# Pair Trading with Cointegration

## Background Information

### What is Pair Trading?

Pair trading is a two-stock alpha model that expects the chosen equities to trade similarly. The idea is that when the two stocks converge to an unusual ratio, they should converge at some point in the future. The idea is to buy the cheaper stock and short the more expensive stock to make a profit on the reversion.

### What is Cointegration?

Cointegration is a statistical measurement that analyses how closely two time-series datasets interact. We will be using this to evaluate which stocks to trade.

### Grabbing Data

In [2]:
### 
# Necessary Imports
###
import numpy as np
import pandas as pd
import statsmodels.tsa.stattools as sm
import requests
import bs4 as bs

In [3]:
####
# The code below is a webscraper to grab stock tickers from Wikipedia that are in the Technology sector
####

#Obtain list of S&P500 companies from wikipedia
resp = requests.get("https://en.wikipedia.org/wiki/List_of_S%26P_500_companies")
convert_soup = bs.BeautifulSoup(resp.text, 'lxml')
table = convert_soup.find('table',{'class':'wikitable sortable'})

# Stock_and_sector has information on the stock ticker and GICS sector; tickers holds only Information Technology tickers
stock_and_sector = []
tickers = []

# Grab all stock tickers and their associated GICS classification
for rows in table.findAll('tr')[1:]:
    stock_and_sector.append([rows.findAll('td')[0].text.strip(), rows.findAll('td')[2].text.strip()])

# Select only the Information Technology stocks and add their tickers to "tickers"
for stocks in stock_and_sector:
    if stocks[1] == "Information Technology":
        tickers.append(stocks[0])

In [4]:
####
# Grab historical stock data
####

import yfinance as yf

# Get stock data over the last year; Use the Adj Close to account for stock splits and dividends
data = yf.download(tickers, period="1y")["Adj Close"].dropna()

[*********************100%%**********************]  64 of 64 completed


### Identifying Pairs

In [5]:
####
# Get a list of all pairs of our technology stocks
####

pairs = []

# Brute force all possible pairs
for i in range(len(tickers)):
    for j in range(i+1, len(tickers)):
        pairs.append(tickers[i] + " | " + tickers[j])


In [6]:
####
# Identify the cointegration of each pair?
# Compare Adj Close and np.log(Adj Close)
####

cointegrated = []

for i in pairs:
    curr1, curr2 = i.split(" | ")
    
    # perform comparison between each stock to grab data
    t_stat, p_val = np.abs(sm.coint(data[curr1], data[curr2])[:2])
    
    # If both the t stat and p value are significant, there is a high chance the pair is cointegrated, thus tradeable
    if t_stat < 0.05 and p_val < 0.05:
        cointegrated.append(i)

### When do we trade?

Now that we have used cointegration, we know the most correlated stock pairs.
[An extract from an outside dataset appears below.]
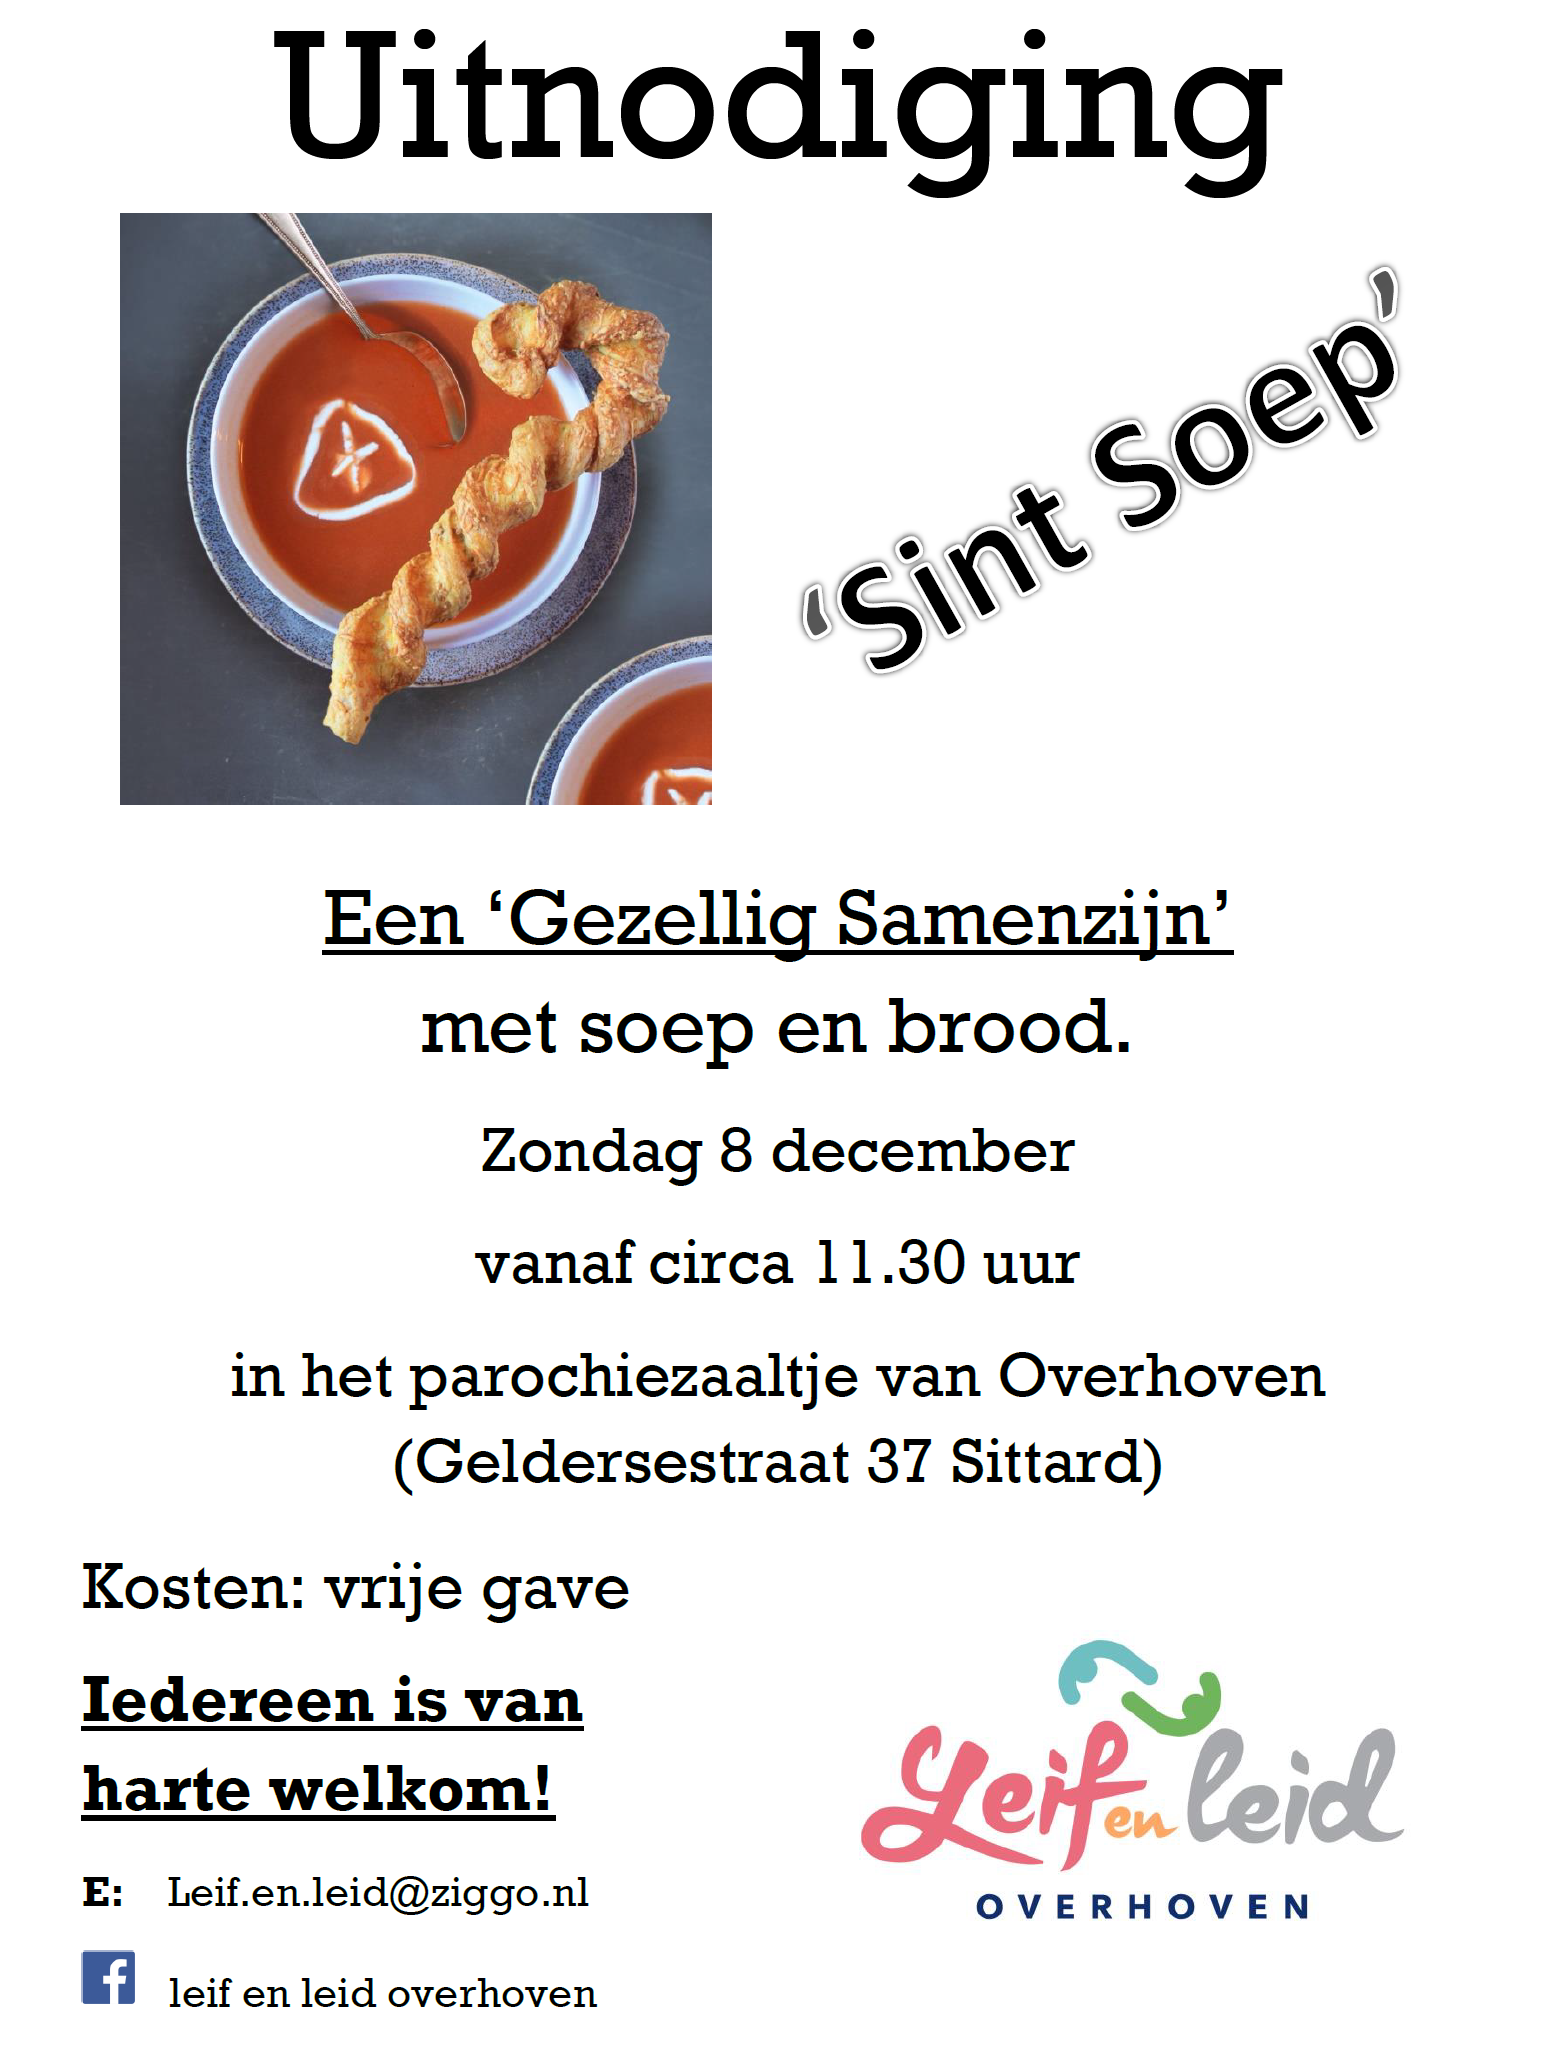 Sint Soep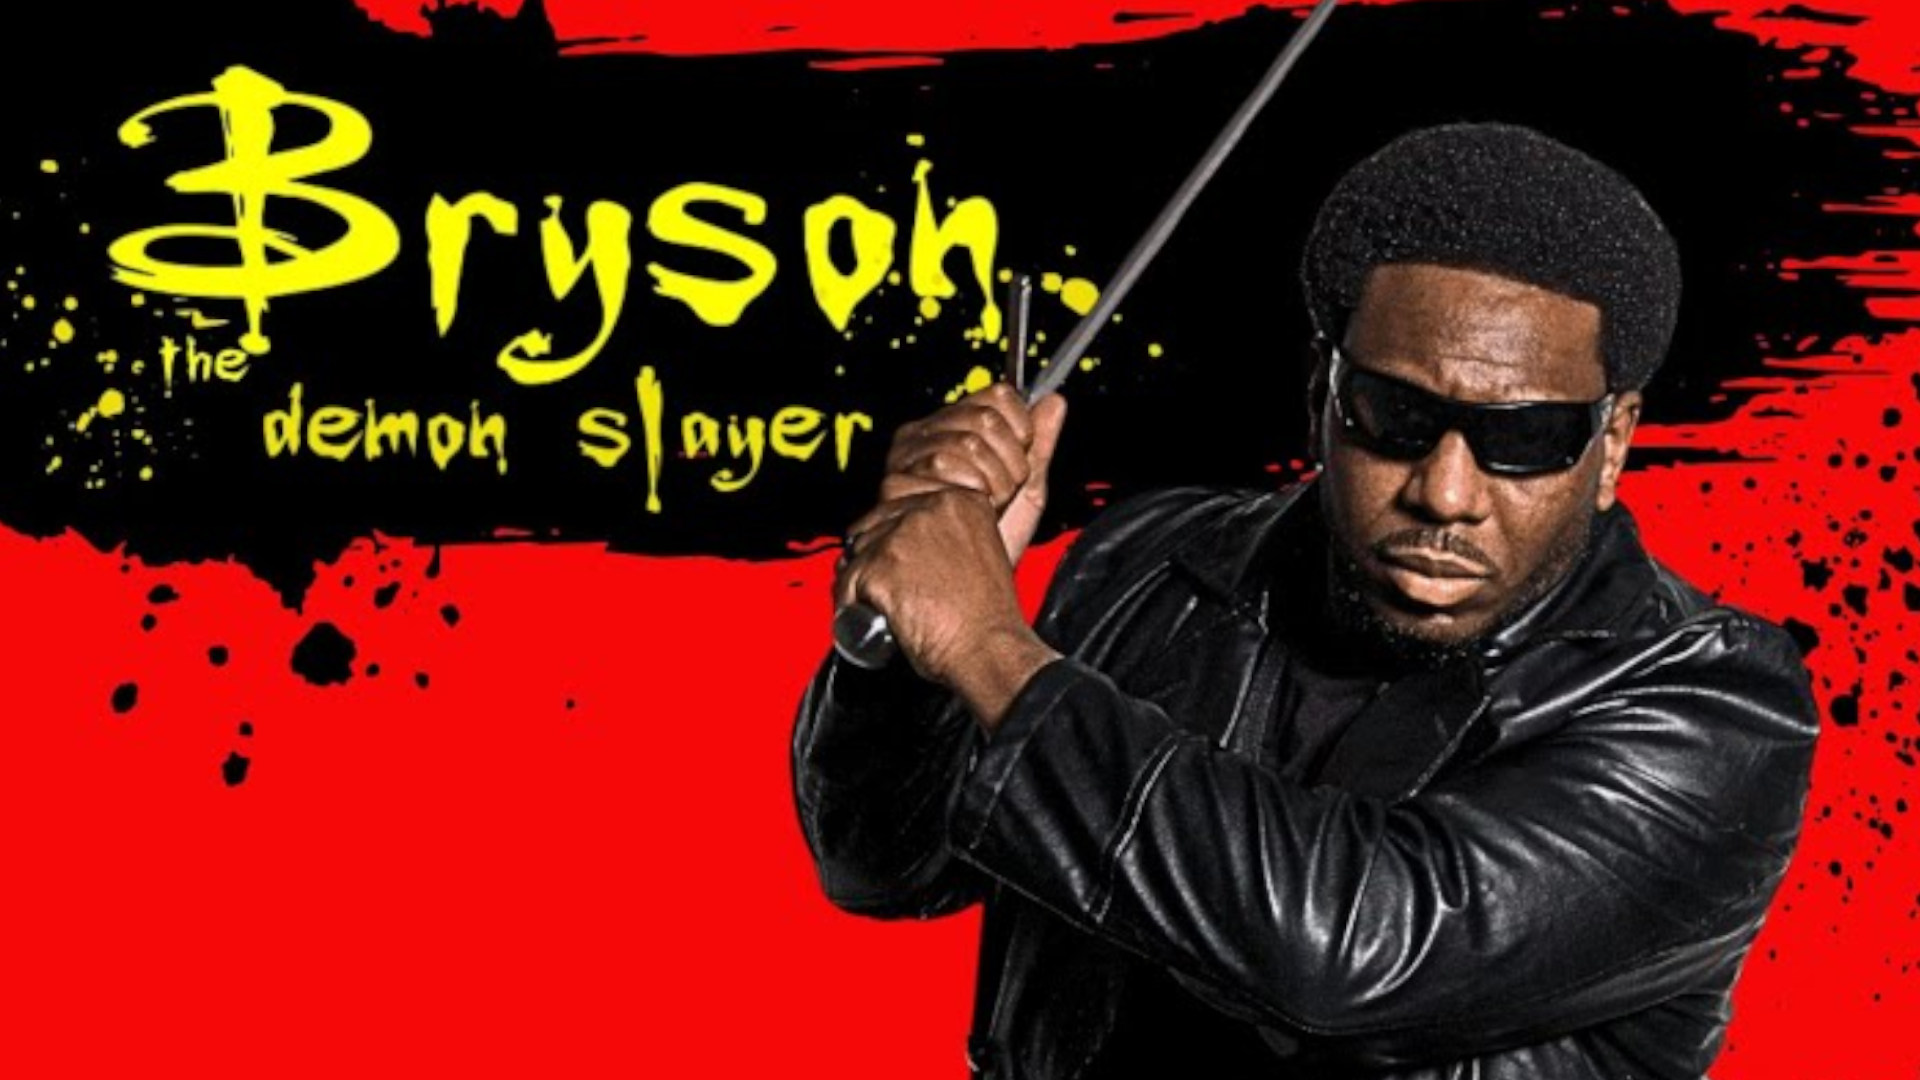 Bryson Gray’s “Bryson, The Demon Slayer” Album Hits #7 on iTunes

Now, how do we identify when we actually enter a long-short trade of this pair? In other words, at what point is the stock most likely to converge?

Consider a single data point that directly compares the price of one stock to another.

What statistical value tells you how far a point is from average relative to the known data? (i.e. how many standard deviations away?)

In [7]:
####
# Identify a comparison between the price of your pairs and create a new data frame containing the information
####

pair_data = pd.DataFrame()

for i in cointegrated:
    curr1, curr2 = i.split(" | ")
    
    # Take the ratio of the pair to identify when the stock is overpriced / underpriced relative to average
    pair_data[i] = data[curr1]/data[curr2]
    
pair_data

In [8]:
####
# Identify the points in time where you should trade that individual pair
####

from scipy.stats import zscore

# Get the z-score values of ratios on each day to understand when a stock is over or under valued
signals = pair_data.apply(zscore)

# Create a function to identify when the z score is abnormal (beyond 1.5 standard deviations) and create a signal to 
# buy or sell the pair, where buying a pair means buying stock 1 and shorting stock 2 (ratio = stock 1 / stock 2)
def signal(val):
    if val > 1.5:
        return 1
    elif val < -1.5:
        return -1
    else:
        return 0

# Use the signal function for each column to get buy and sell signals
for i in cointegrated:
    signals[i] = signals[i].apply(signal)

signals

Series([], dtype: float64)